如何在dplyr + purrr

Question

我有一个问题，在为训练和测试集复制数据后，我在Rstudio中显示了分配给我的用户的大量内存，但未在我的R会话中使用。我创建了一个小例子来重现我的处境：）

此代码根据我提供的不同公式，算法和参数集运行一堆模型。这是一个函数，但是我为reprex创建了一个简单的脚本。

library(dplyr)
library(purrr)
library(modelr)
library(tidyr)
library(pryr)

# set my inputs
data <- mtcars
formulas <- c(test1 = mpg ~ cyl + wt + hp,
              test2 = mpg ~ cyl + wt)
params = list()
methods <- "lm"

n <- 20 # num of cv splits
mult <- 10 # number of times I want to replicate some of the data
frac <- .25 # how much I want to cut down other data (fractional)

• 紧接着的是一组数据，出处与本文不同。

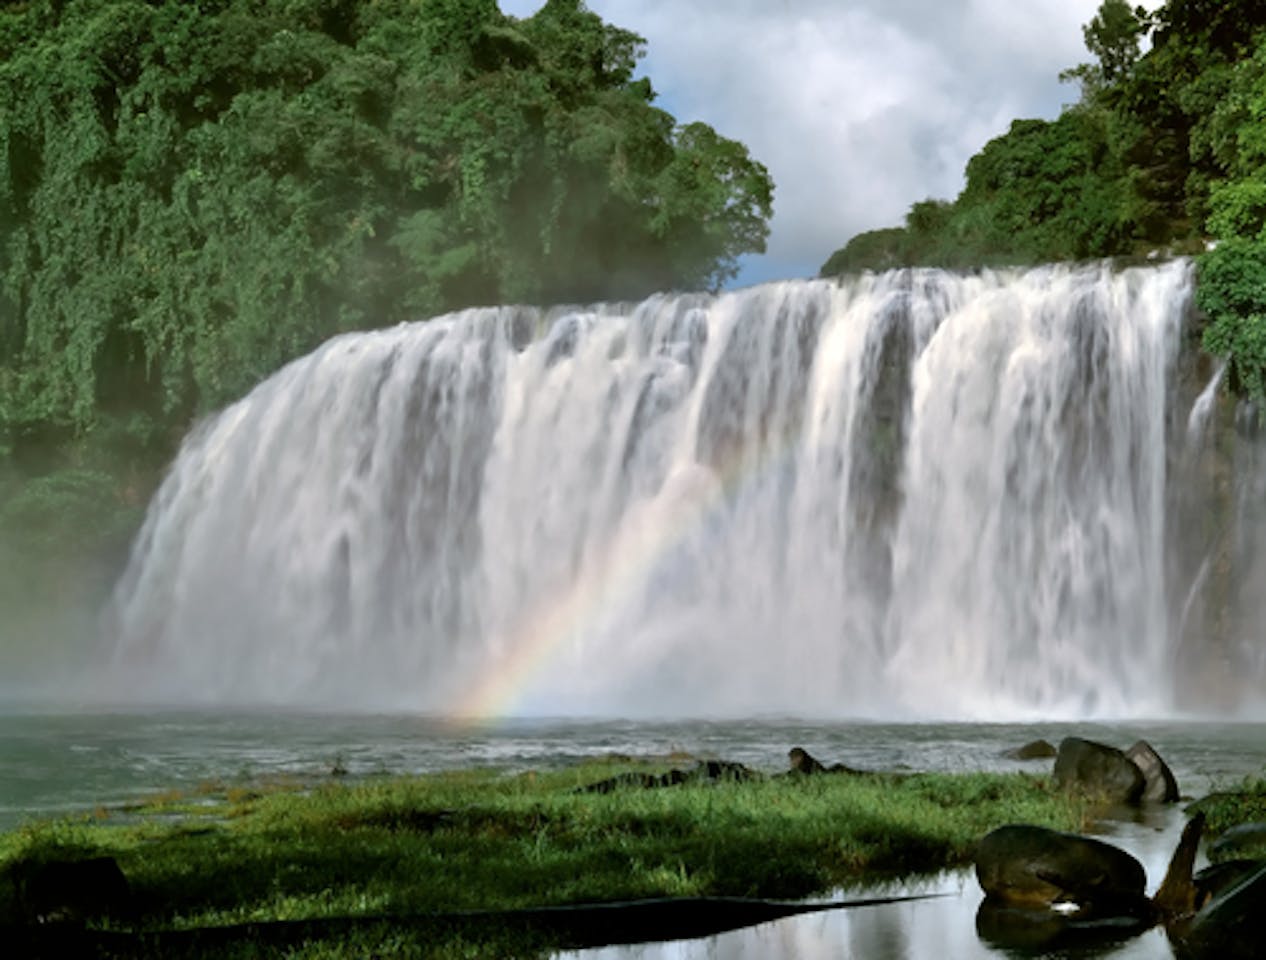 11 Mindanao rivers and waterfalls as potential hydropower sources | News Eco-Business | Asia Pacific

### the next few chunks get the unique combos of the inputs.
if (length(params) != 0) {
  cross_params <- params %>% 
    map(cross) %>% 
    map_df(enframe, name = "param_set", .id = "method") %>% 
    list
} else cross_params <- NULL

methods_df <- tibble(method = methods) %>% 
  list %>% 
  append(cross_params)  %>% 
  reduce(left_join, by = "method") %>% 
  split(1:nrow(.))

# wrangle formulas into a split dataframe
formulas_df <- tibble(formula = formulas,
                      name = names(formulas)) %>% 
  split(.$name)

# split out the data into n random train-test combos
cv_data <- data %>% 
  crossv_kfold(n) %>% # rsample?
  mutate_at(vars(train:test), ~map(.x, as_tibble))

# sample out if needed
cv_data_samp <- cv_data %>%
  mutate(train = modify(train, 
                        ~ .x %>% 
                          split(.$gear == 4) %>% 
                          # take a sample of the non-vo data
                          modify_at("FALSE", sample_frac, frac) %>% 
                          # multiply out the vo-on data
                          modify_at("TRUE", function(.df) {
                            map_df(seq_along(1:mult), ~ .df) 
                          }) %>% 
                          bind_rows))

# get all unique combos of formula and method
model_combos <- list(cv = list(cv_data_samp), 
                     form = formulas_df, 
                     meth = methods_df) %>% 
  cross %>%
  map_df(~ bind_cols(nest(.x$cv), .x$form, .x$meth)) %>% 
  unnest(data, .preserve = matches("formula|param|value")) %>% 
  {if ("value" %in% names(.)) . else mutate(., value = list(NULL))} 

# run the models
model_combos %>% 
  # put all arguments into a single params column
  mutate(params = pmap(list(formula = formula, data = train), list)) %>%
  mutate(params = map2(params, value, ~ append(.x, .y))) %>%
  mutate(params = modify(params, discard, is.null)) %>%
  # run the models
  mutate(model = invoke_map(method, params))  

mem_change(rm(data, cv_data, cv_data_samp))
mem_used()

现在，执行此操作后，我的mem_used达到了77.3mb，但是我看到分配给R用户的数据（160Mb）大约翻了一番。当我的数据为3 Gb时，这确实爆炸了，这是我的真实情况。我最终使用100Gb并绑定了整个服务器:(。

这是怎么回事，我该如何优化？

任何帮助表示赞赏！

Answer 1

我知道了！问题是我将modelr resample对象序列转换为tibble s，即使随后进行采样降低了内存的爆炸性。解决方案？编写用于处理resample对象的方法，这样我就不必将resample对象转换为tibble。这些看起来像：

# this function just samples the indexes instead of the data
sample_frac.resample <- function(data, frac) {
  data$idx <- sample(data$idx, frac * length(data$idx))
  data
}

# this function replicates the indexes. I should probably call it something else.
augment.resample <- function(data, n) {
  data$idx <- unlist(map(seq_along(1:n), ~ data$idx))
  data
}

# This function does simple splitting (logical only) of resample obejcts
split.resample <- function(data, .p) {
  pos <- list(data = data$data, idx = which(.p, 1:nrow(data$data)))
  neg <- list(data = data$data, idx = which(!.p, 1:nrow(data$data)))
  class(pos) <- "resample"
  class(neg) <- "resample"
  list("TRUE" = pos,
       "FALSE" = neg)
}

# This function takes the equivalent of a `bind_rows` for resample objects.
# Since bind rows does not call `useMethod` I had to call it something else
bind <- function(data) {
  out <- list(data = data[[1]]$data, idx = unlist(map(data, pluck, "idx")))
  class(out) <- "resample"
  out
}

然后，我在同一个purrr闭包中转换为小标题，在该闭包中为该CV运行我的模型。问题解决了！我的内存使用量现在非常低。